Information shown:
---------------
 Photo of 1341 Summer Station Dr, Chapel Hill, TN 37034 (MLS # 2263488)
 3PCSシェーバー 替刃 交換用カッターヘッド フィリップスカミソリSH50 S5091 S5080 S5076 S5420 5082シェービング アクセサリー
---------------
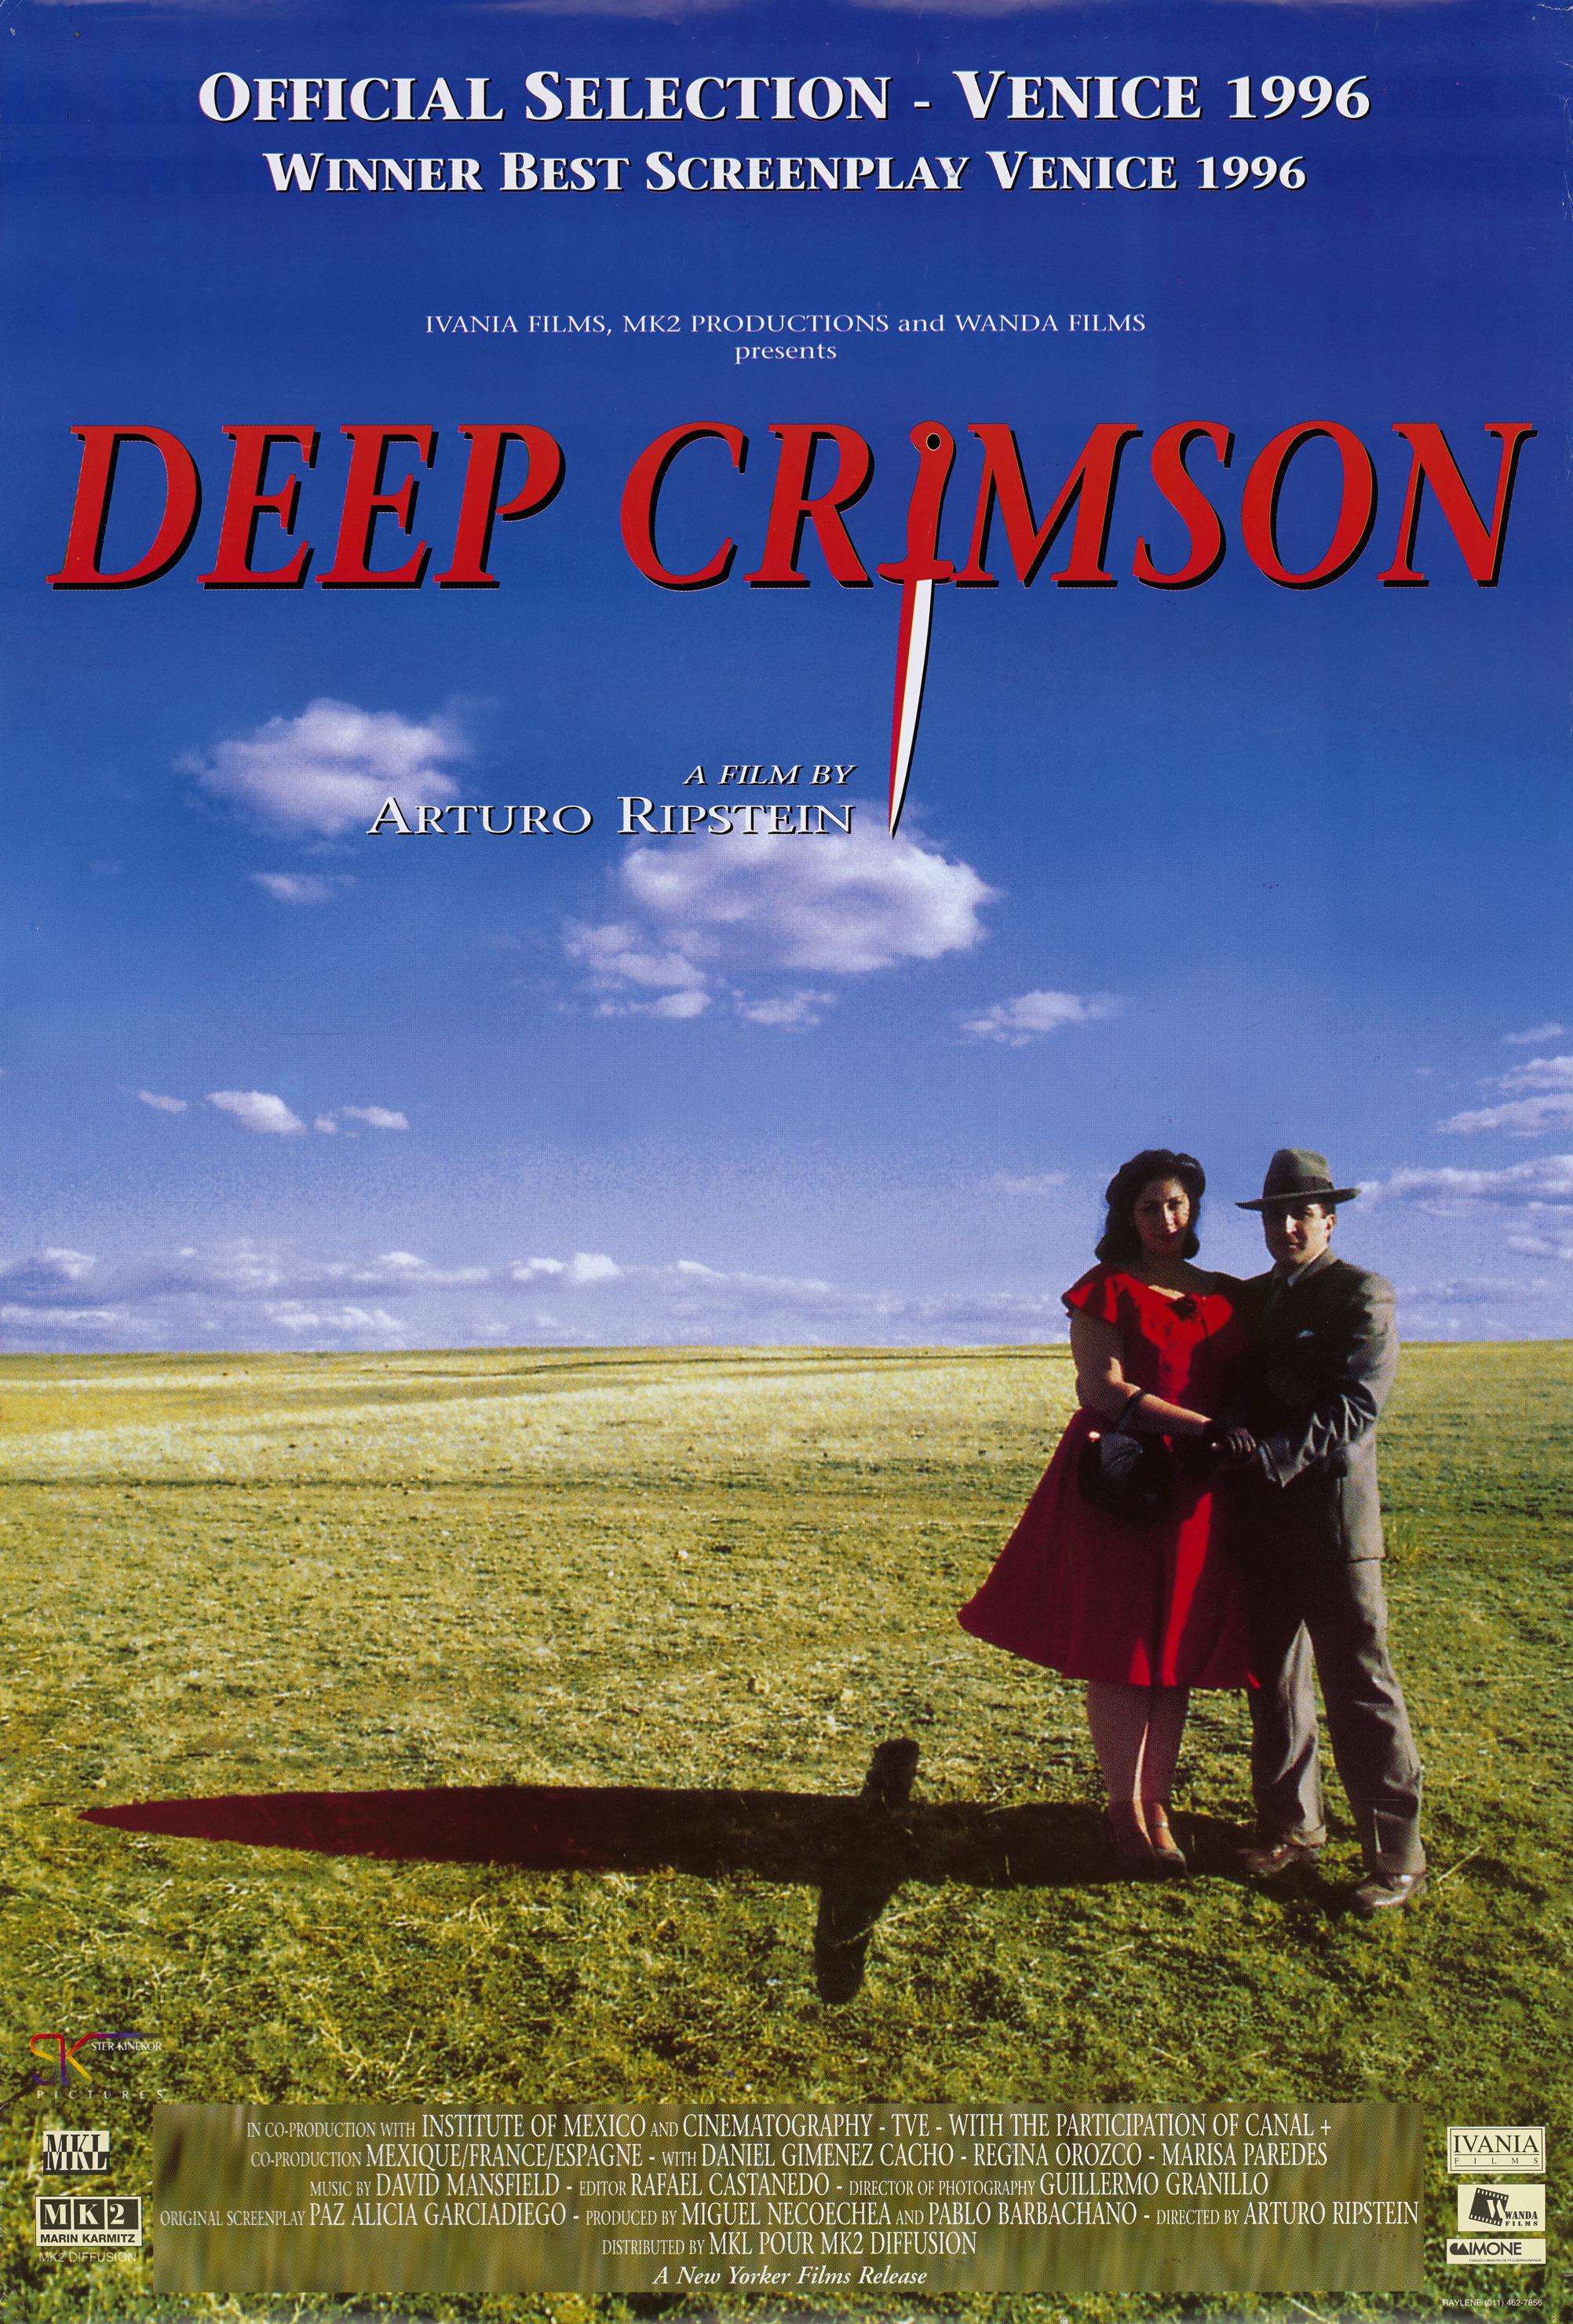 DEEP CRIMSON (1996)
---------------
Activity:
The lines above from the one containing "Photo of 1341" through the one containing "3PCSシェーバー 替刃 交換用カッターヘッド" are to be set down exactly, and no others.

Result of this task:
 Photo of 1341 Summer Station Dr, Chapel Hill, TN 37034 (MLS # 2263488)
 3PCSシェーバー 替刃 交換用カッターヘッド フィリップスカミソリSH50 S5091 S5080 S5076 S5420 5082シェービング アクセサリー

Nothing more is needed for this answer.